There is an argument that management-speak used by school leaders will eventually become so commonplace that no one will remember its origins. Teachers who feel nostalgic for a world where a takeaway meant a carry-out meal from a restaurant and unpacking was what happened after a holiday will simply be old eccentrics yelling about how much better things used to be. People complained, for example, about the use of the words contact and interview as verbs, contested the doctoring of the noun donation into the verb donate, and objected to the transfer of the word balance from bookkeeping to everyday life. There are hundreds of examples of this. The English language is constantly changing, and today’s cutting-edge jargon could be tomorrow’s commonplace phrase. Any railing against it will do nothing aside from taking up a lot of time and headspace.
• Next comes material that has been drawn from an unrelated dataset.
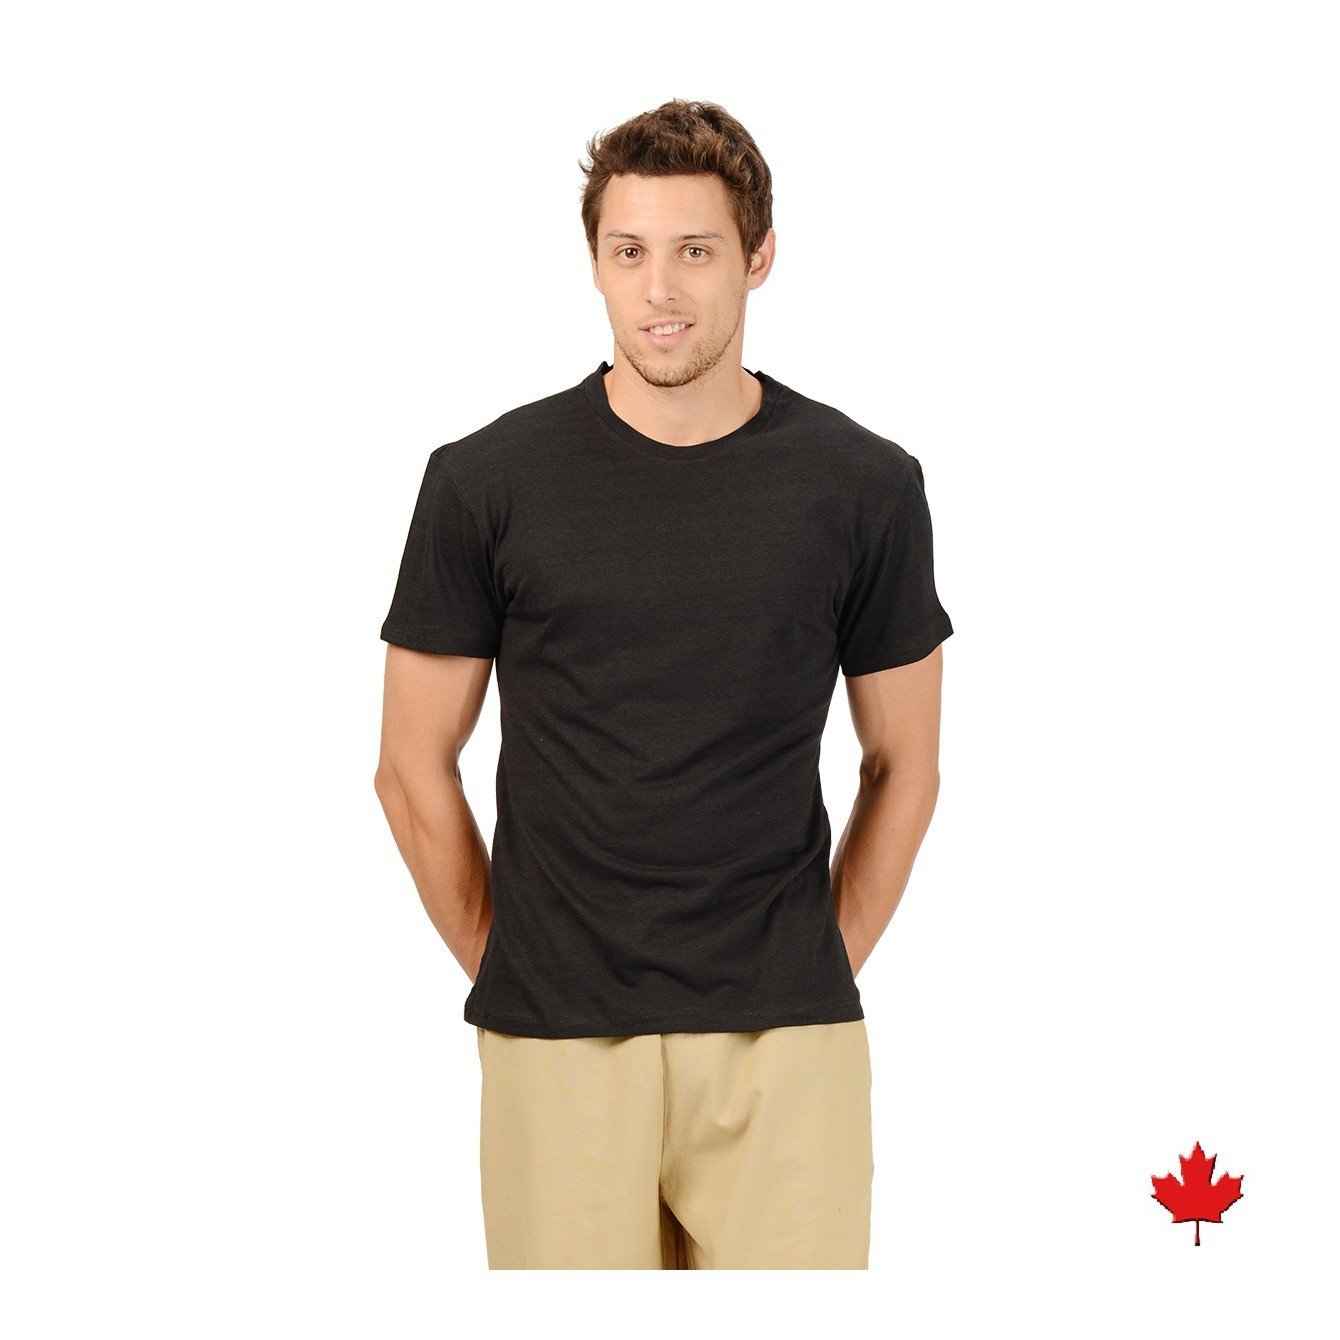 Urban Bamboo T-Shirt - Naturally Canada

It is not the transformation of language that is bothersome in this case, it is the origin, rapidity, and ubiquity of it that irks. In the corporate world, buzzwords are short-hand for more cumbersome descriptions. Rather than listing all of your assets and qualities, it is easier for someone to talk about your wheelhouse. Your time, energy, and intellectual capacity become condensed into bandwidth. In order to avoid explaining all the ways in which your life will change now that you are leaving a job, you are simply offboarded. In a setting where every second counts, these words economically convey multiple facets with great efficiency and line managers can use the time they save to figure out other methods of refining the strategic plan and exploiting the labor supply. Schools should deviate from this template because they do not work on the same business model as a corporation.
Many people who work in schools come to education as a way to avoid the corporate world. Some fled that sector for what they thought would be a saner, more humane, and more creative career. International schools, mostly independent of national or state standards and relatively flexible regarding standardized testing, are somewhat removed from the business-oriented school-to-desk-job pipeline that throbs in agreement with the policing of behavior in order to respect authority and shudders at a workforce that might question, challenge, and stand up for itself. Management-speak, seemingly benign, has an air of high-handedness as it colonizes spaces that would be better off without it. This is especially true if it trickles into the classroom where it has no place. Students do not need “next steps.” They need support with what to do after reflecting on what they achieved. Meanwhile, many members of staff in international schools are English language learners for whom jargon is another obstacle to clarity. Cautiously limiting its importation can foster inclusiveness because sometimes a full explanation is more helpful than a buzzword or a fashionable phrase.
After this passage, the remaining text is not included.